Cir. 1985) ; Burrus v. United Telephone Co. of Kansas, Inc., 683
F.2d 339, 343 (10th Cir. 1982), cert. denied, 459 U.S. 1071 (1982).
Here, where Ertel's discharge almost immediately followed his
protected conduct, the case for retaliatory motivation is strong.
15The instant circumstances
differ significantly from those
presented in Moon v. Transport Drivers, Inc., 836 F.2d 226, 229
(6th Cir. 1987). There, the court noted that "temporal proximity
alone will not support an inference in the face of compelling
evidence that (the employer) encouraged safety complaints," where
the employee's protected conduct was such a complaint. Here, the
Giroux brothers did not encourage safety-based refusals as
evidenced by their illegal operation of the tractor, a fact
strengthening the case for retaliatory motive.
16In concluding that the
evidence is sufficient to support an
inference of causation, it is not necessary for me to determine
whether the small shop doctrine is applicable as urged by the
Associate Solicitor. That doctrine enables the NLRB "to infer
employer knowledge of union or pre-union activities where the
number of employees in the workplace is small." D & D Distribution
Co. v. NLRB, 801 F.2d 636, 641 (3rd Cir. 1986). It presumes that
management at a small facility likely notices union conversations
and activities because of its close working relationship with the
plant labor force.
17Respondent's argument in its
brief before me is slightly
different. That argument is that Giroux was unhappy with Ertel's
job performance, specifically with his slow pace and the two
accidents that he had experienced.
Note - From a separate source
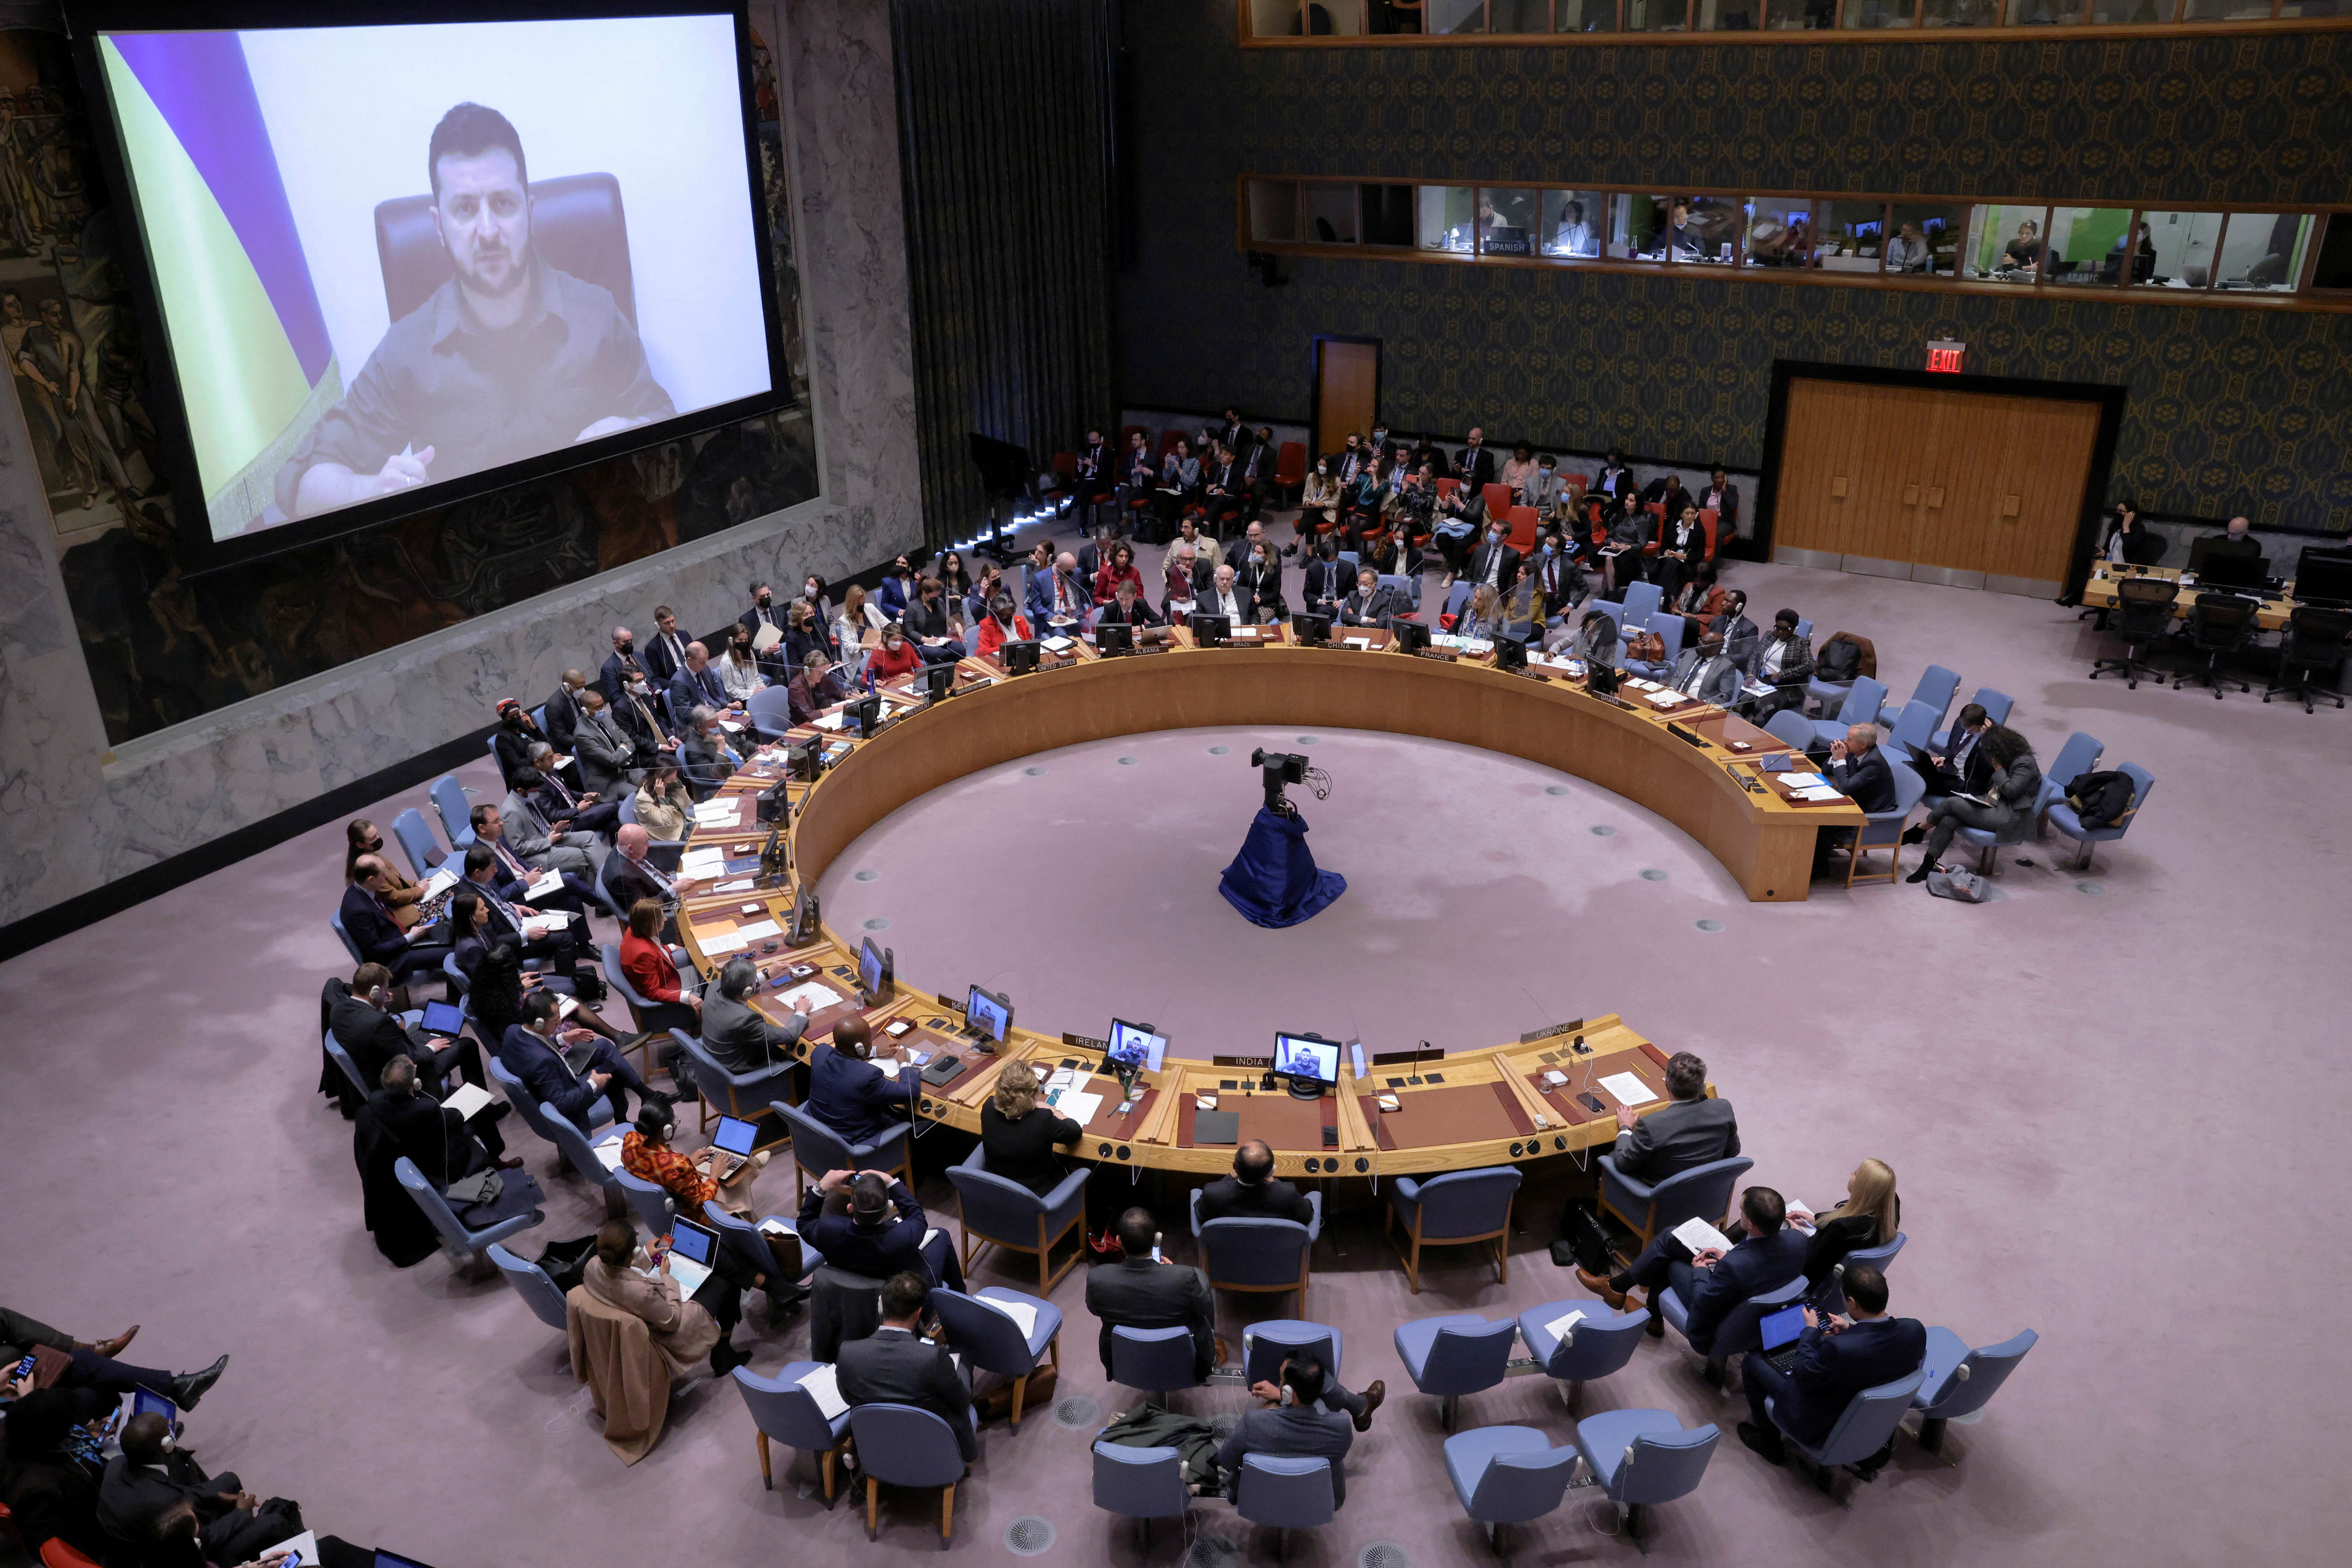 Ukrainian President Volodymyr Zelensky appears on a screen as he addresses the United Nations Security Council via video link during a meeting at the United Nations Headquarters in Manhattan, New York City, on April 5.

Accordingly, Giroux continued
Ertel's probationary period past the initial 30 days of his
employment. Giroux continued to be unhappy due to the shutdown
on November 13 which he attributed to an inadequate pre-trip
inspection. Ertel's purported "sudden and unprovoked outburst
towards Ames," however, was "the final straw" which precipitated
Ertel's discharge. Resp. Br. 18. Although Respondent's brief
cites the alleged insubordination as the operative motivation for
the discharge, I also examine the "inadequate pre-trip inspection"
rationale and the "stoppage" rationale relating to both the
November 13 and 17 incidents as operative motivations since Gary
Giroux's testimony cites them as such. T. 170-171.